United States District Court, E.D. North Carolina, Western Division

January 24, 2018

ERIC C. BROADWAY, Plaintiff,


          JAMES C. DEVER III Chief United States District Judge.

         On August 15, 2016, Eric C. Broadway ("Broadway" or "plaintiff') filed a pro se Title VH religious discrimination claim against United Parcel Service, Inc. ("UPS" or "defendant") in Wake County Superior Court [D.E. 1-1]. On September 16, 2016, UPS removed the action to this court [D.E. 1]. On August 30, 2017, UPS moved for summary judgment [D.E. 15] and filed a memorandum in support [D.E, 16]. On October 4, 2017, Broadway responded in opposition [D.E. 20]. On October 18, 2017, UPS replied [D.E. 21].[1] As explained below, the court grants UPS's motion for summary judgment.

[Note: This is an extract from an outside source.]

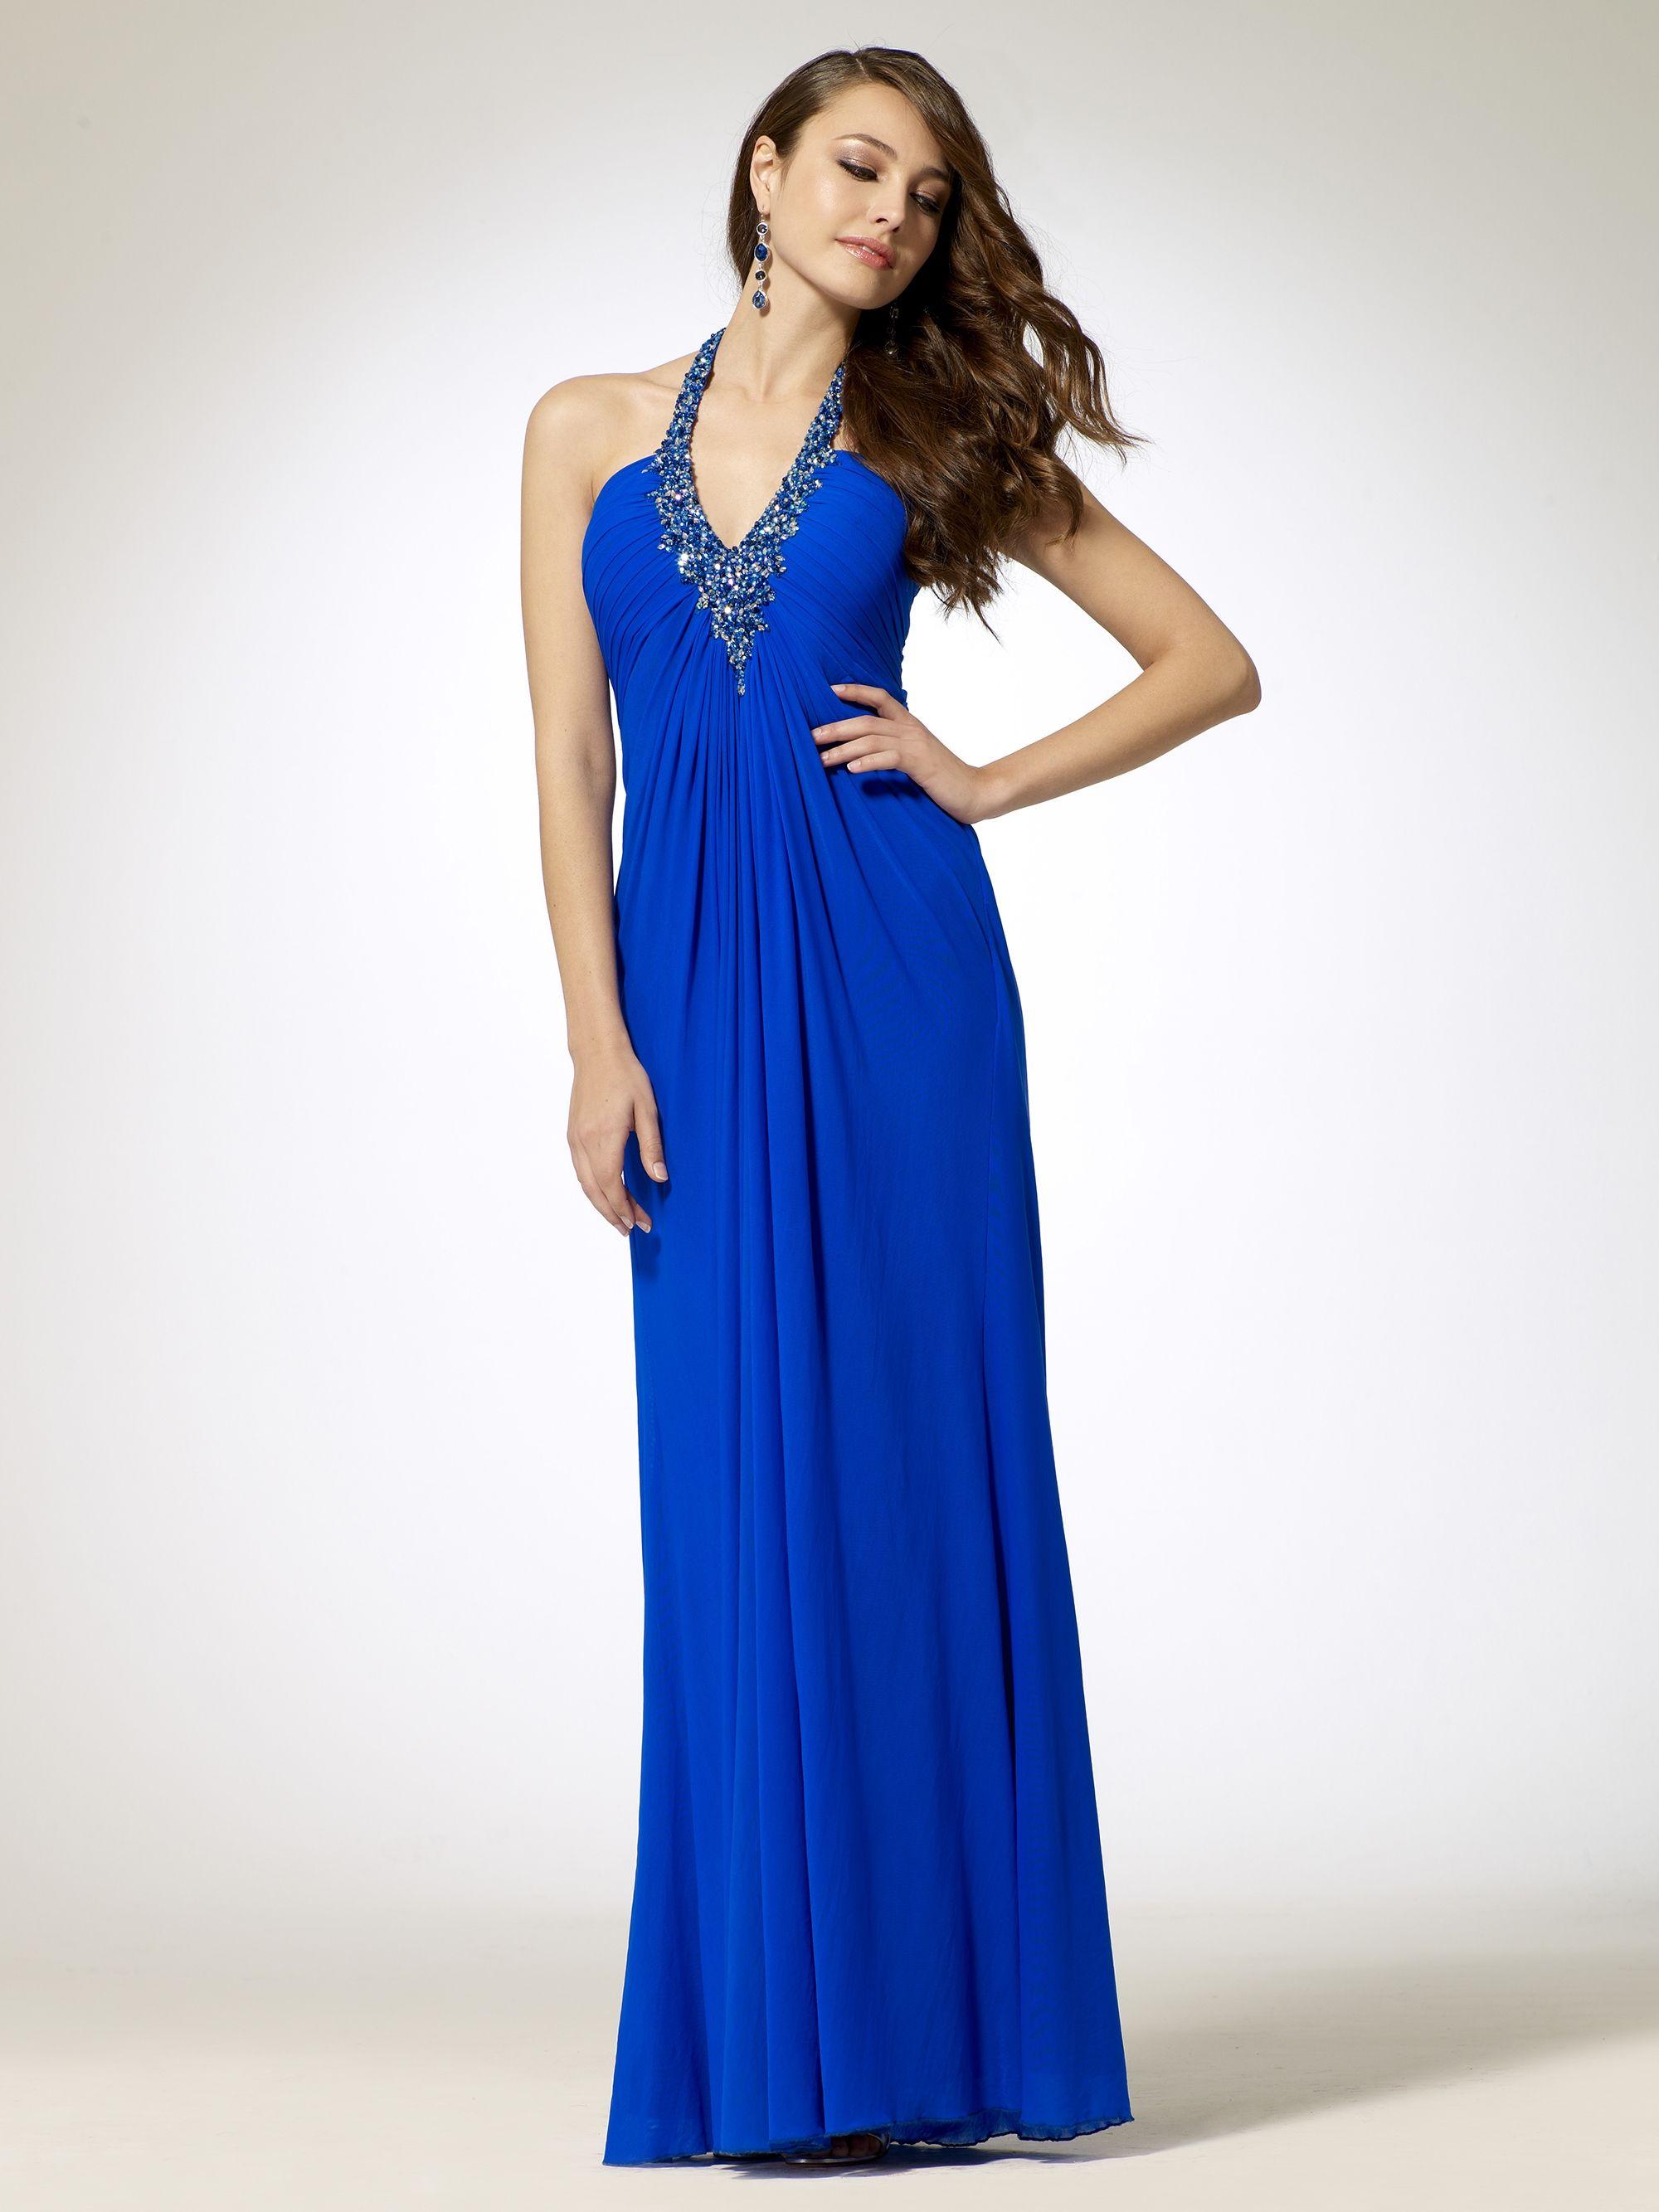 Beaded necklace halter gown evening dresses pinterest halter
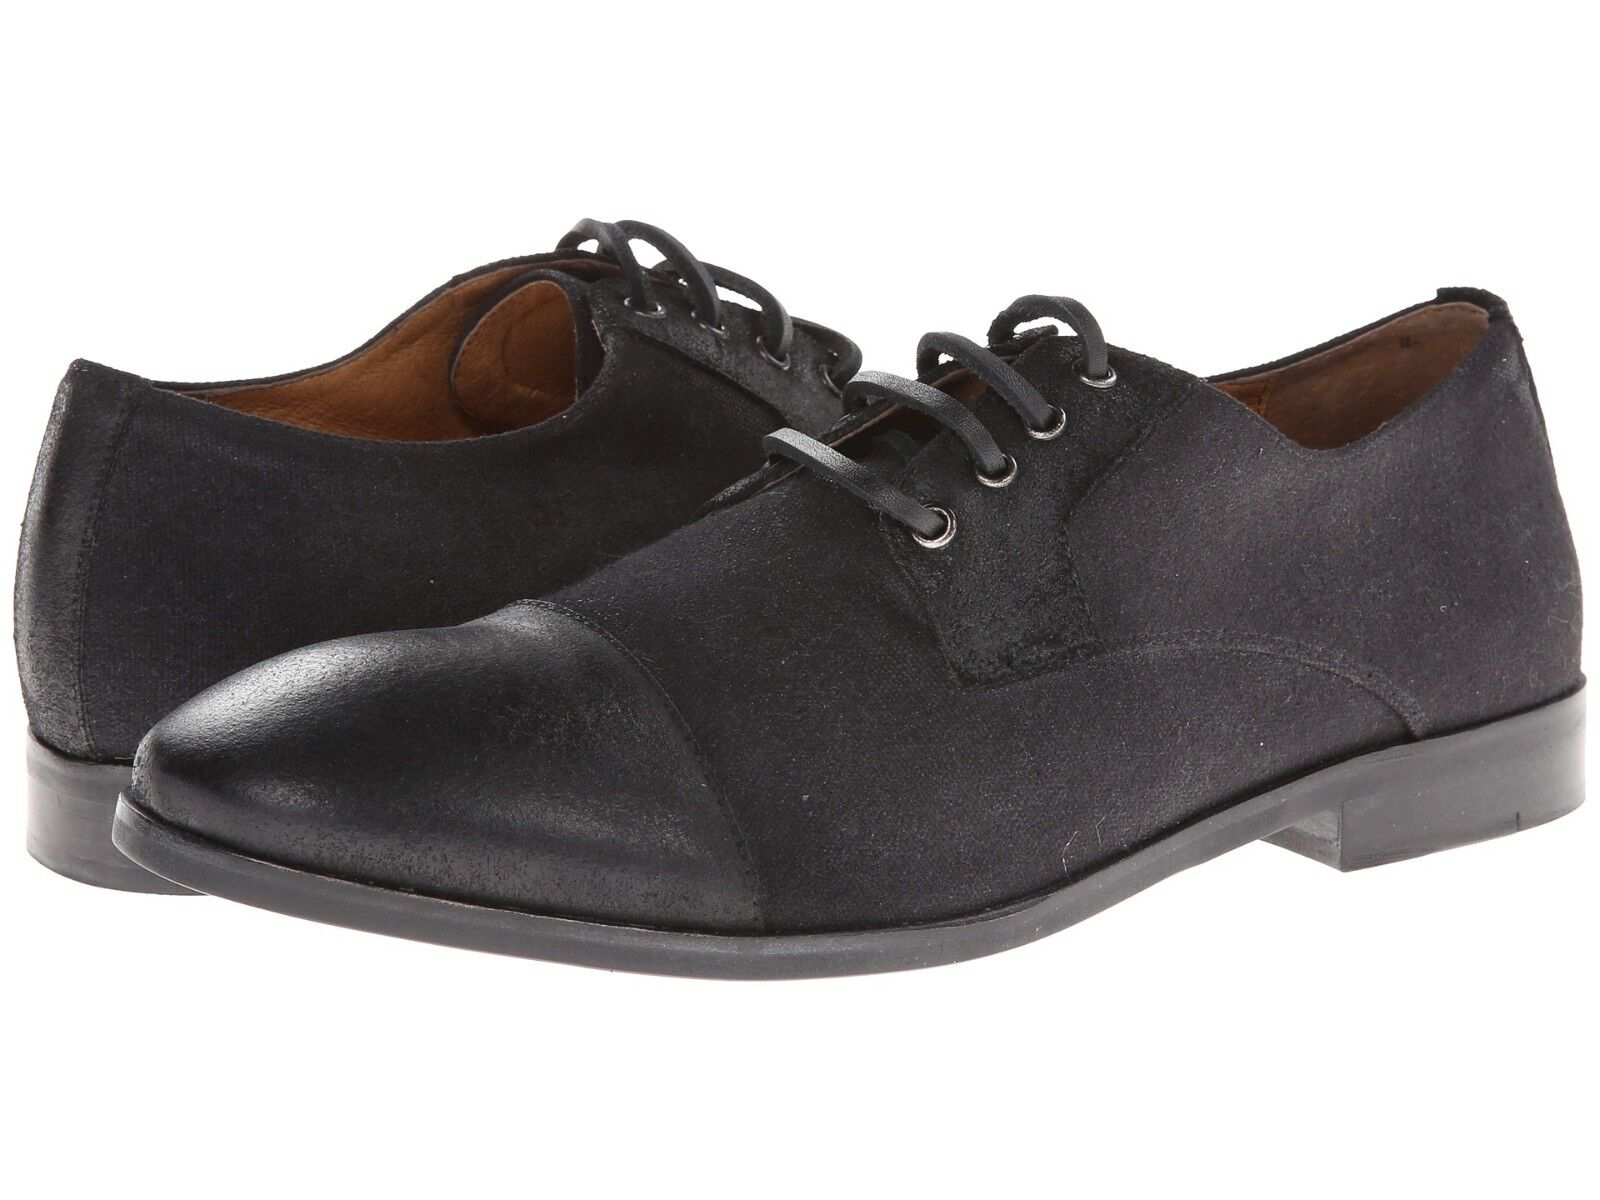 Kenneth Cole New York Comp-osition Men's Lace Up Cap Toe Shoes

         In May 2013, Broadway began working for UPS as a part-time loader. See Pl.' s Dep. 60, 64 [D.E. 16-3]; Grant Decl.¶25 [D.E. 16-1]. In the fall of2013, Broadway applied to be a cover driver. See Pl's Dep. at 64, 67-68; Grant Decl. ¶ 25. Cover drivers are part-time employees who "cover" for full-time package car drivers when they are absent or when UPS experiences an unusually high workload. See Pl's Dep. at 64-65; Grant Decl. ¶ 25. In October 2013, before starting as a cover driver, Broadway requested an exception to the UPS Appearance Standards Code. See Coates Decl. ¶7 [D.E. 16-2]; Pl's Dep. at 120. Broadway is a Rastifarian and wears his hair in dread locks. On October 24, 2013, Broadway completed a religious accommodations request. See Pl's Dep. at 99; Coates Decl. ¶ 8. On November 22, 2013, UPS granted Broadway's accommodation request concerning the UPS appearance standards. See Pl's Dep. at 121; Coates Decl. ¶ 8.

         In the summer of 2014, UPS assigned Broadway to work as a regular temporary driver at UPS's Raleigh Metro Center, and Broadway reported to supervisor Frederick Fuller ("Fuller"). See Fuller Decl. ¶¶ 7-8 [D.E. 16-7]. On June 16, 2015, Fuller conducted scan-check audits on approximately fourteen drivers, including Broadway. See Id. ¶ 18. The scan-check audit showed discrepancies in Broadway's package deliveries. See Id. ¶¶ 18-20; Grant Decl. ¶¶ 26-27. Specifically, the scan-check audit showed that Broadway had service failures, with eight packages recorded as "not found." See Fuller Decl. ¶ 18. UPS uses a "not found" code when there has been a "misload" (i.e., the package was supposed to be on the driver's package car, but was not actually loaded due to an error in the preloading process). See Grant Decl. ¶ 23. In addition, the daily discrepancy report for June 16, 2015, showed that Broadway had recorded 21 packages (8 from the scan-check audit and 13 others) as "not found" and therefore not delivered on June 16, 2015. See Fuller Decl. ¶ 19; Grant Decl. Exs. 3 & 4. Pursuant to UPS policy, Fuller investigated these service failures. See Fuller Decl. ¶ 20.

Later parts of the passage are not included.